This is a Phase II trial evaluating the efficacy (overall response rate) of a risk-adjusted outpatient based approach to lymphoma salvage therapy with vinorelbine, gemcitabine and pegfilgrastim and/or gemcitabine, ifosfamide, vinorelbine and pegfilgrastim.

Condition or Disease Intervention/Treatment Phase
  • Drug: gemcitabine, vinorelbine, ifosfamide, filgastrim
  • Drug: gemcitabine, vinorelbine, filgastrim
 Phase 2

Detailed Description

Lymphoma has been increasing in incidence annually for the past several decades and the majority of patients relapse after first line therapy. A variety of 'salvage chemotherapy' treatments are available that are usually inpatient-based treatments associated with significant haematological toxicity. Furthermore, all patients are treated in the same manner despite the fact that some patients will do well irrespective of the type of salvage therapy whereas others will do badly no matter what is done. During 2001-2002 we undertook a pilot study in 40 such patients using an outpatient-based salvage therapy with 2 newer chemotherapy drugs, vinorelbine and gemcitabine. Over 75% of all treatments were successfully delivered on an outpatient basis with response rates similar to historical controls. We now propose to expand on these initial findings by modifying the outpatient approach for those patients with less favourable prognostic features, that is, patients will be stratified to differing therapies but with the majority still receiving the proven vinorelbine-gemcitabine combination.

Study Design

Study Type:
Interventional
Actual Enrollment :
90 participants
Allocation:
Non-Randomized
Intervention Model:
Crossover Assignment
Masking:
None (Open Label)
Primary Purpose:
Treatment
Official Title:
A Multicentre Phase II Study of Risk-adjusted Outpatient-based Salvage Therapy for Patients With Relapsed and Refractory Lymphoma
Study Start Date :
Dec 1, 2002
Actual Primary Completion Date :
Feb 1, 2008
Actual Study Completion Date :
Feb 1, 2008

Arms and Interventions

Arm Intervention/Treatment
Active Comparator: Commence VGF treatment

Drug. Vinorelbine, gemcitabine and filgrastim 21 day cycle

Drug: gemcitabine, vinorelbine, filgastrim
Drug
Active Comparator: Commence F-GIV treatment

Drug. Gemcitabine, ifosfamide, Vinorelbine and filgrastim 21 day cycle

Drug: gemcitabine, vinorelbine, ifosfamide, filgastrim
Drug

Outcome Measures

Primary Outcome Measures

  1. To evaluate the efficacy (overall response rate) of a risk-adjusted outpatient-based approach to lymphoma salvage therapy with VGF (vinorelbine, gemcitabine and pegfilgrastim) and/or F-GIV (gemcitabine, Ifosfamide, vinorelbine and pegfilgrastim). [After two cycles and after four cycles]
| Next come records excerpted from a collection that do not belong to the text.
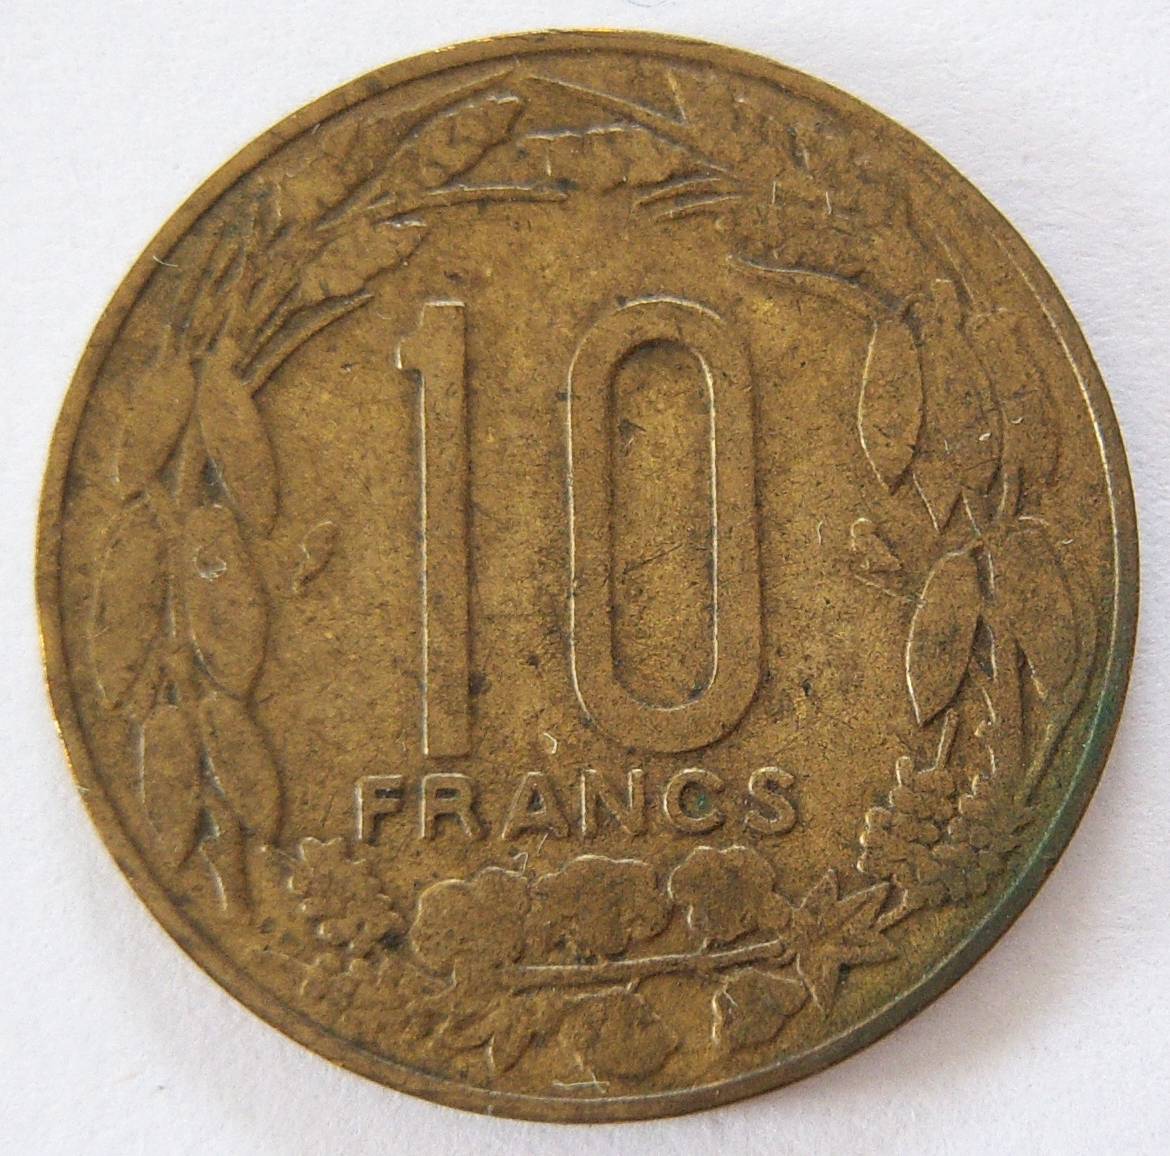  Kamerun 10 Francs 1961   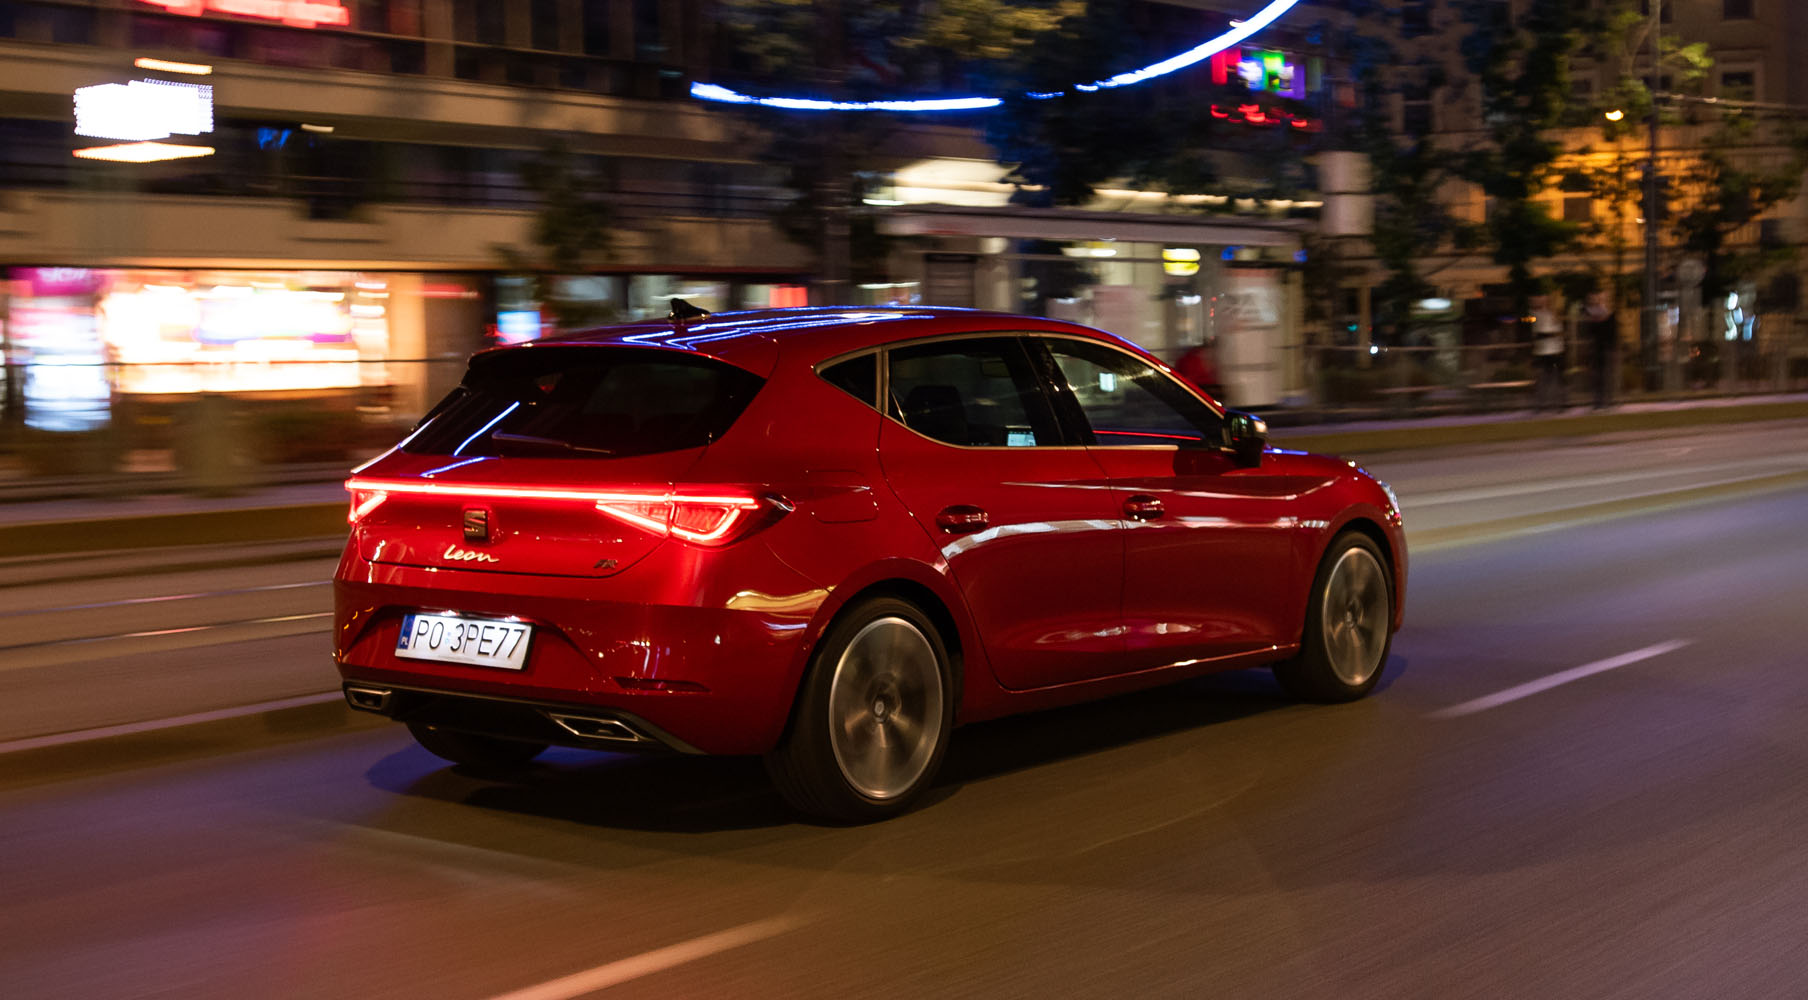 Seat Leon w kolorze Desire Red  przejeżdżający przez nocne miasto z zapalonymi tylnymi światłami LED.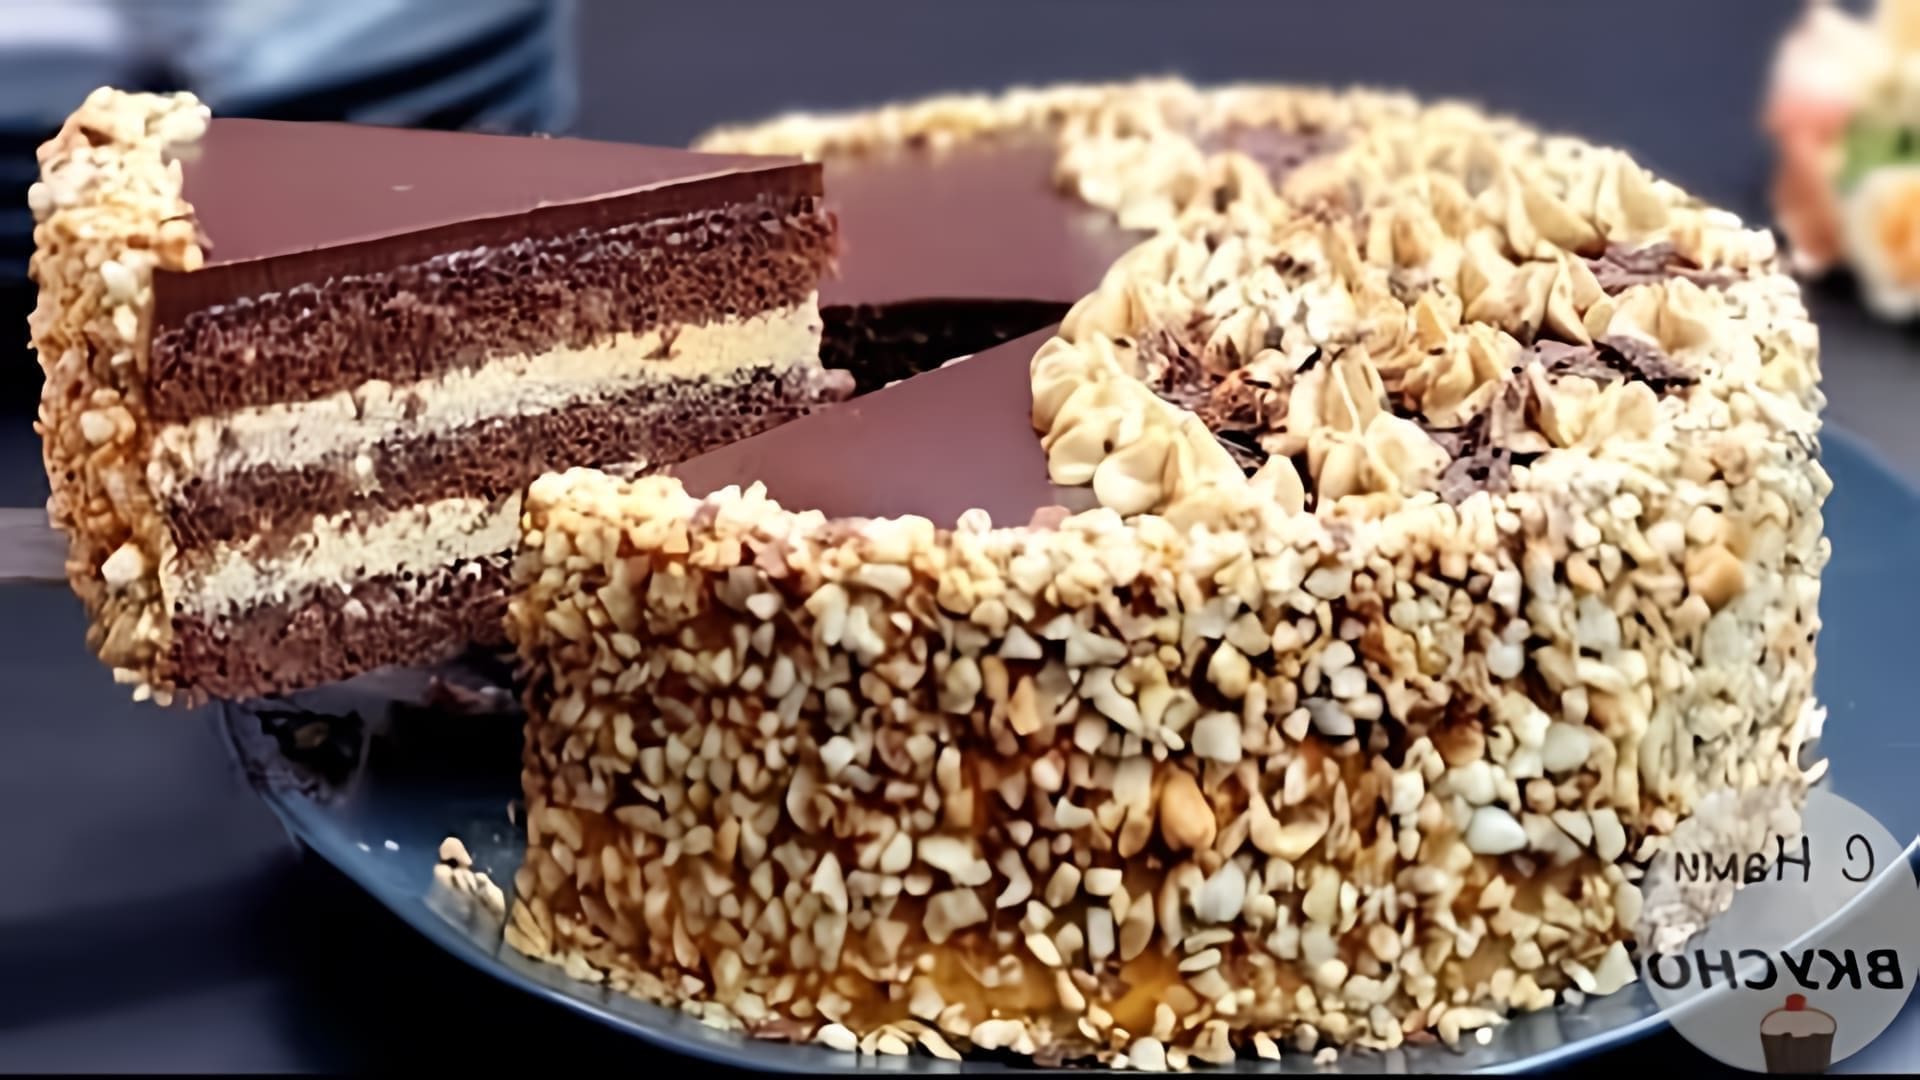 В этом видео демонстрируется рецепт приготовления вкусного шоколадного торта с орехами

Secondary Outcome Measures

  1. To evaluate safety, [Days 1 and 8 for every cycle, days 10,12,14, and 16 for first cycle.]

  2. relapse free survival, [After 2 cycles, 4 cyles and every 3 or 4 months for 12 months. Then every 6 months until disease progression]

  3. overall survival, [every 3 or 4 months for 12 months. Then every 6 months.]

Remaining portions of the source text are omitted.